Yesterday I did it. Way to go me! Mission accomplished.
Here’re the stats…

20130424-235516.jpg The mileage is a little more than I expected, but I did it, and I feel great for having done so (apart from the sunburn. More on that later!)

We’ve had some interesting weather recently. Late dumps of snow, torrential rain and gale force winds have been a hinderance in planning walks and runs. Monday was dismal. It’s not like it was even raining, the air and everything it touched was just wet. I had Tuesday and Wednesday off work so I had two days to choose from when planning my mission. Tuesday morning came around and it looked quite bright so I thought hey, just do it!

I popped a sandwich, apples, home-made biscuits, an energy bar and a chocolate milkshake in my bag; filled up a couple of waterbottles; tucked my waterproofs in the bottom of the bag; and double checked I had my map, compass, bivvy bag and head torch (always best to be prepared). Then I donned my new walking trousers, a long vest, long sleeved dry-fit top and my softshell, although bright, it still seemed quite cold. Ready to set off, I dithered around the kitchen for a while, fuelling up on coffee and porridge until I could put it off no longer and off I set.
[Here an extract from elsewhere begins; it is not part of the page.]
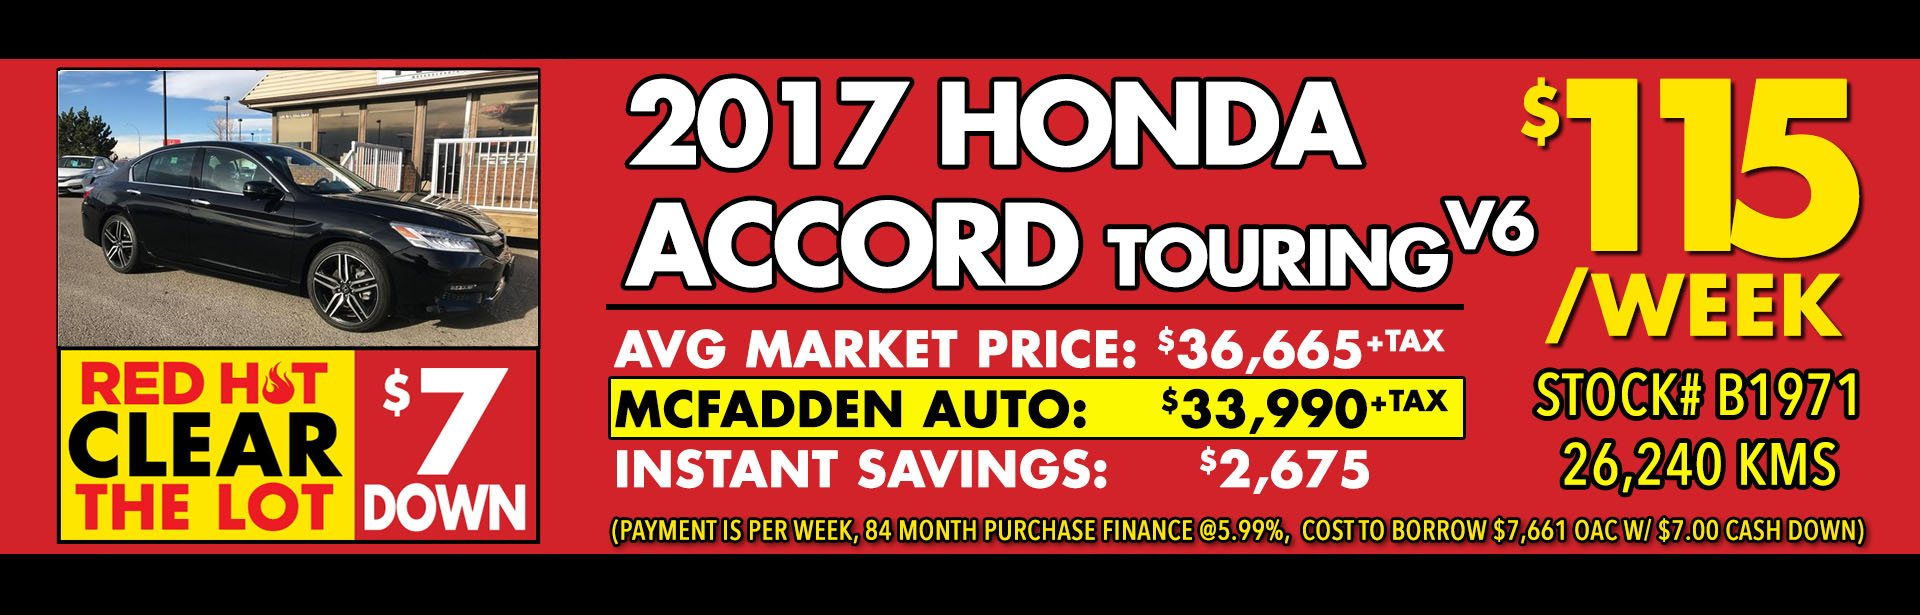 Red Hot - B1971 2017 Honda Accord Touring V6 - Feb 2018

The route starts on some well trodden ground for me, it’s part of a route I run quite often. I’d decided before setting off that I’d stick to the official route, rather than taking any of the other myriad of footpaths that would take me in the same direction. It was on the first bit of ascent that I began to wonder why I hadn’t just taken the easier low-level path. I wasn’t even a mile into the walk and I was burning up. I just felt so hot and bothered. Then I remembered the big yellow ball in the sky, and the fact that we’re approaching the end of April, it was actually a warm, sunny Spring day, not something we’ve been used to of late. Onwards, and on the path leading out of Old Hall Farm, I stopped to take off my long-sleeved top but opted to keep on my softshell for a bit of wind protection and to have my iPod easily tucked into the pocket (I don’t normally walk with music but I wasn’t sure if I was ready to spend so much time with just my thoughts). I rolled up my sleeves and on I continued.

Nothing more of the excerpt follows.